Question

Covariant derivative

Proof that covariant derivative of a tensor is a tensor.

Answer 1

What I got is\[
\nabla_k T^{i'}=J^{i'}_i\left(\frac{\partial T^i}{\partial Z^{k'}}+\Gamma^i_{kj}T^j\right)+T^iJ^{i'}_{ik}
\]which does not transform according the rule of tensors.

Answer 2

@Kainui I am dying...

Answer 3

Let's start with a vector that's a contraction of two tensors, the components with the basis vectors at that point.

\[\vec V = V^i \vec Z_i\]
Now we already know the derivative of something with no indices is a tensor, so we can just write it here to show it no problem!
\[\frac{\partial \vec V}{\partial Z^i} = \frac{\partial \vec V}{\partial Z^{i'}} \frac{\partial Z^{i'}}{\partial Z^i}\]
Or written slightly nicer using the definition of Jacobian, here we go, the tensor transformation law, so indeed this is a tensor!

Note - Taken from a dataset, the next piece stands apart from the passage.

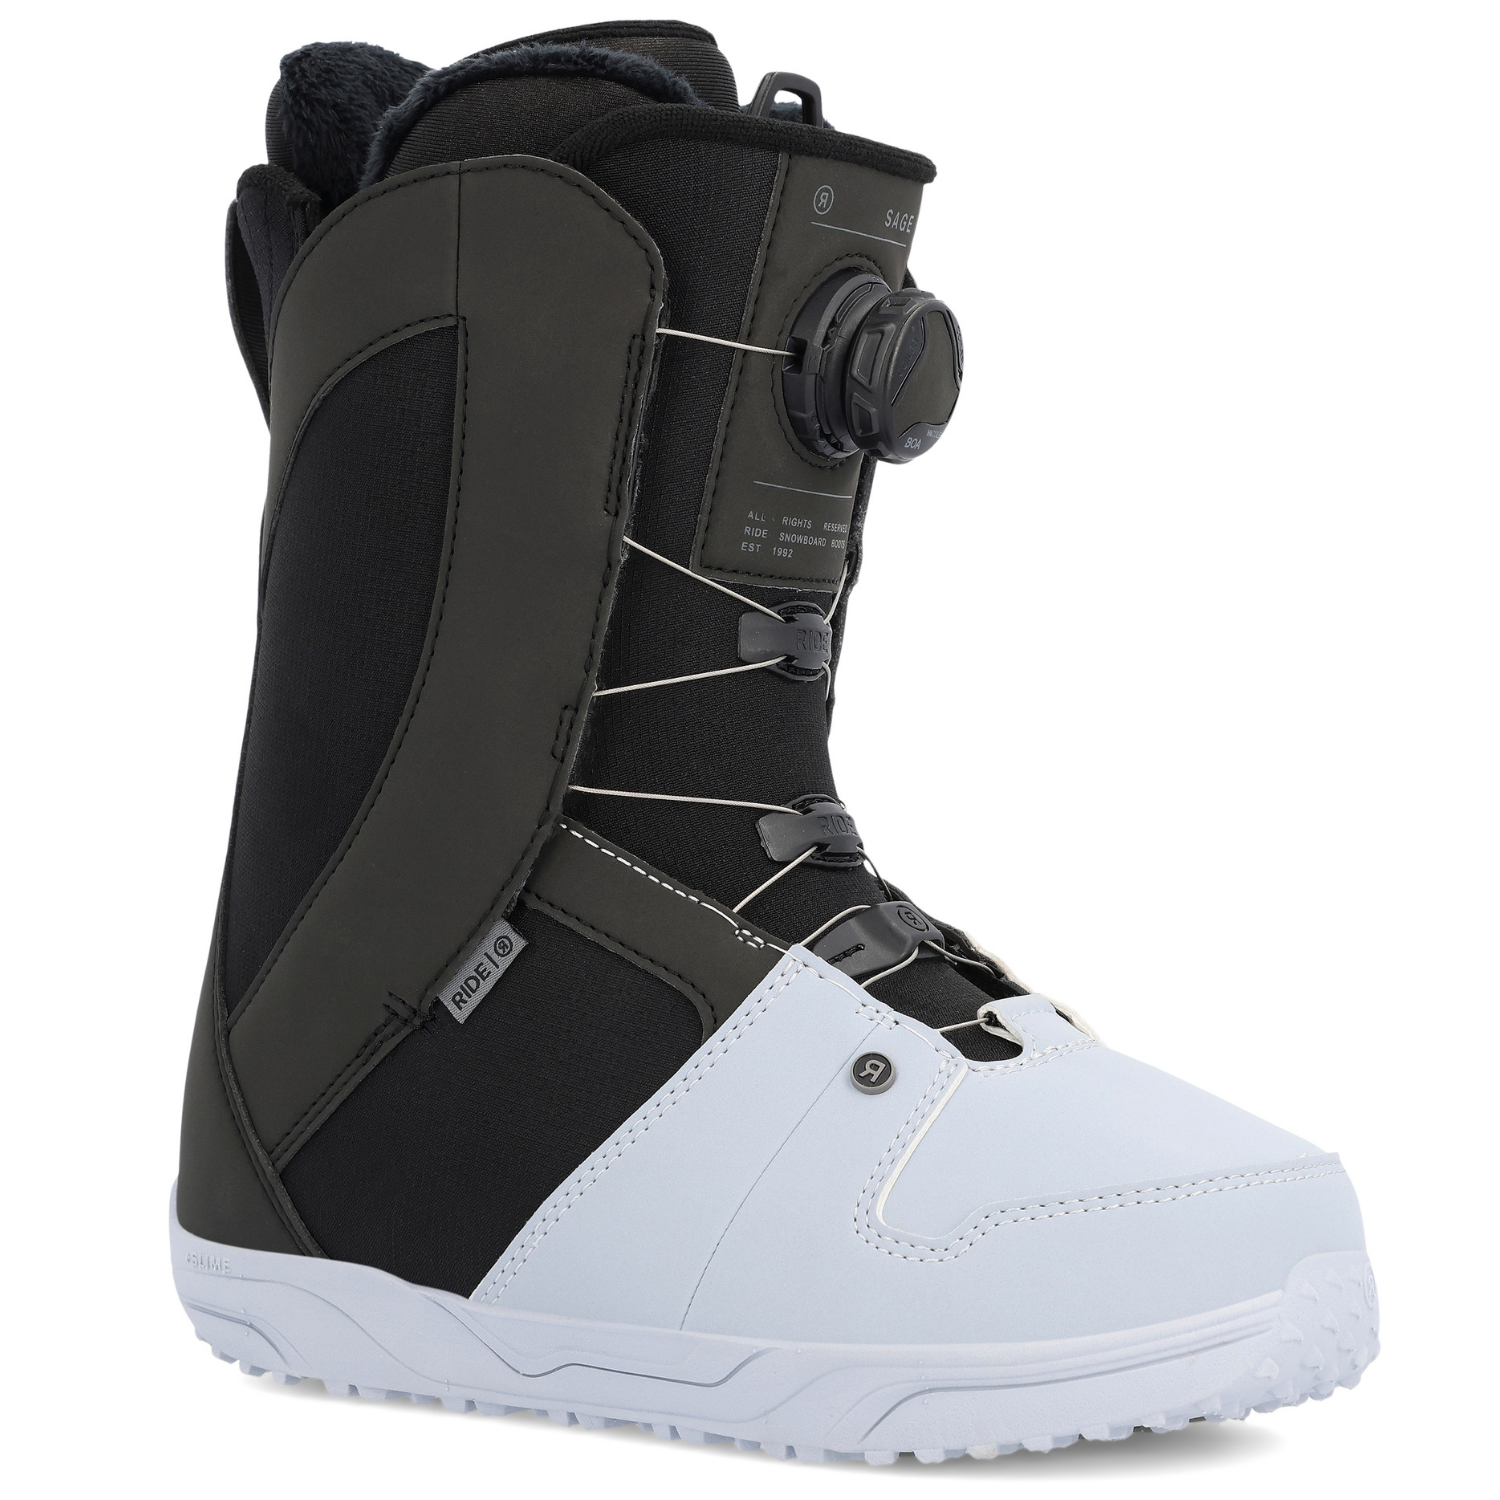 2023 Ride Sage Womens Snowboarding Boots For Sale
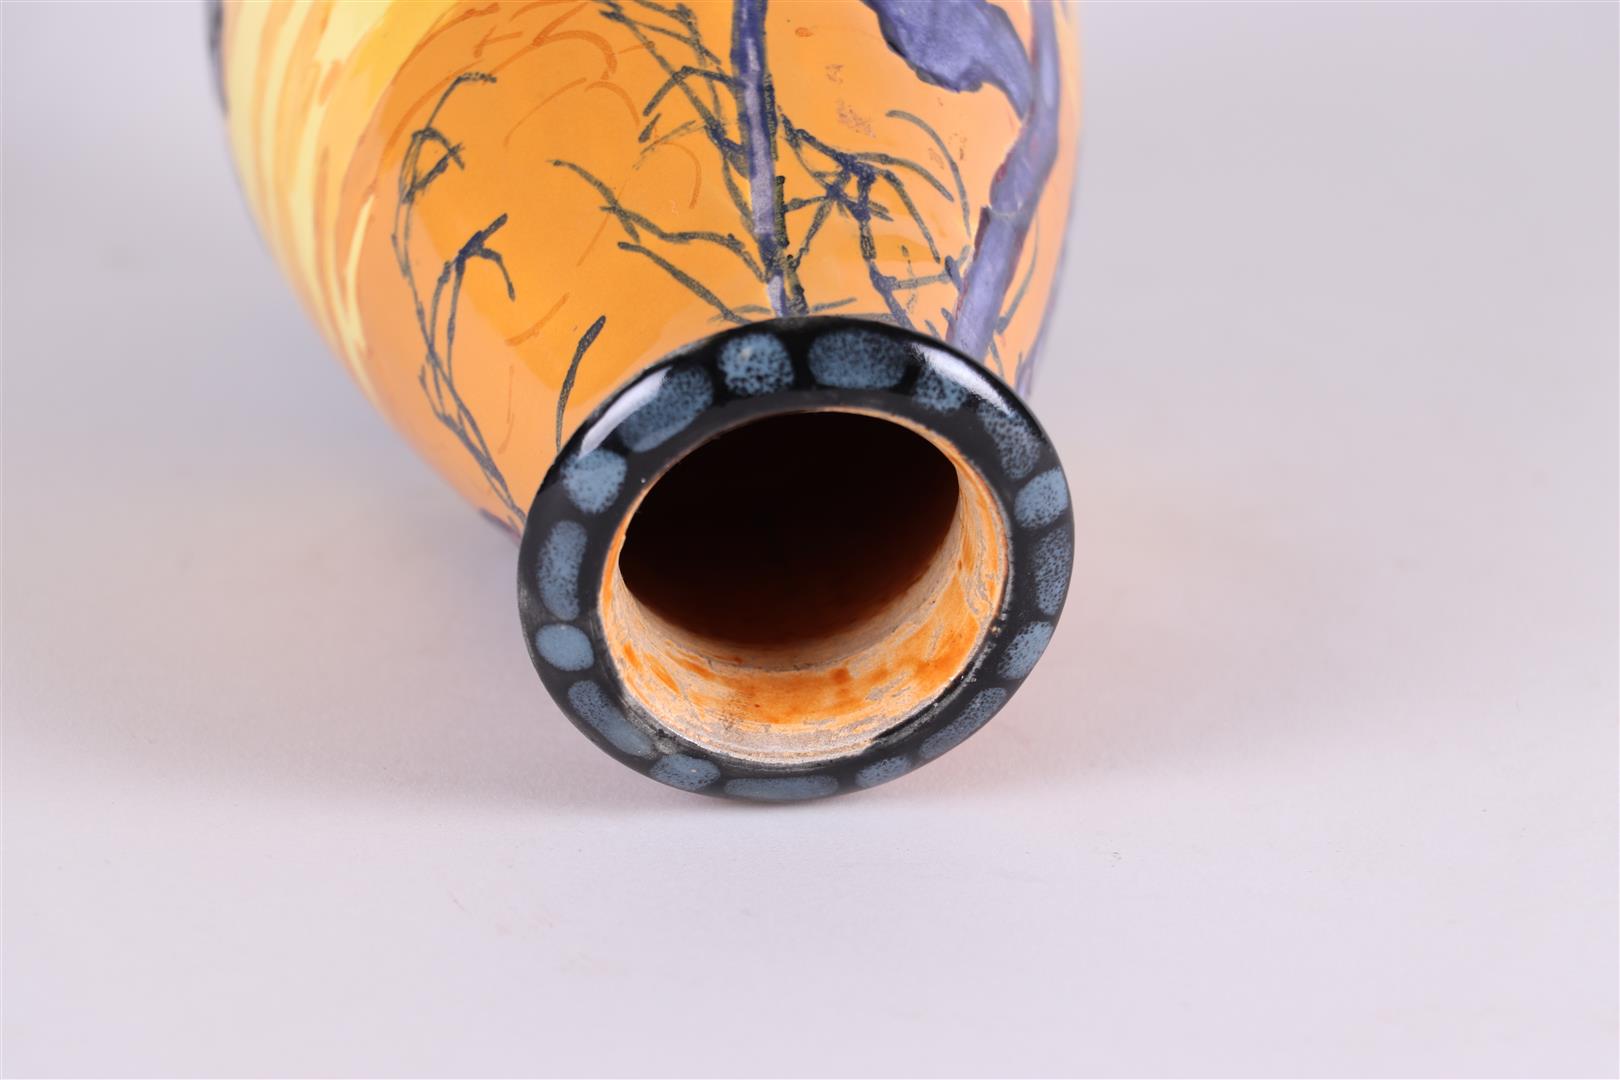 A Faience polychrome painted vase, marked Valluaris. France, early 20th century. - Image 5 of 6

\[\frac{\partial \vec V}{\partial Z^i} = \frac{\partial \vec V}{\partial Z^{i'}} J_i^{i'}\]

Ok but I realize you want the covariant derivative, so we take this further and write the vector in terms of its components and use the product rule now.

\[\frac{\partial V^i \vec Z_i}{\partial Z^j}=\frac{\partial V^i}{\partial Z^j}\vec Z_i + V^i \frac{\partial \vec Z_i}{\partial Z^j}\]
Remember all of that above is a tensor. Alright so now what? Well we have to recognize or define it at this point that the derivative of the covariant basis with respect to the coordinates can be expressed as components in terms of the covariant basis and we call these components the Christoffel symbols:

\[\frac{\partial \vec Z_i}{\partial Z^j} = \Gamma^k_{ij} \vec Z_k\]

We can plug this in and since \(i\) and \(k\) are dummy indices, we can change them and it won't matter just so that we can factor out the covariant basis vectors.

\[\frac{\partial \vec V }{\partial Z^j}=\frac{\partial V^i}{\partial Z^j}\vec Z_i + V^i \Gamma^k_{ij}\vec Z_k\]\[\frac{\partial \vec V }{\partial Z^j}=\frac{\partial V^i}{\partial Z^j}\vec Z_i + V^k \Gamma^i_{kj}\vec Z_i\]\[\frac{\partial \vec V }{\partial Z^j}=\left(\frac{\partial V^i}{\partial Z^j}+ V^k \Gamma^i_{kj}\right)\vec Z_i\]

Now we know that the left side of the equation is a tensor. We know the covariant basis is a tensor. Therefore the thing to the left of it is a tensor. We can perhaps show this a bet more nicely by dotting both sides of this with the contravariant basis but I think it's unnecessary. This shows that thing is a tensor. But that thing is the definition of the covariant derivative!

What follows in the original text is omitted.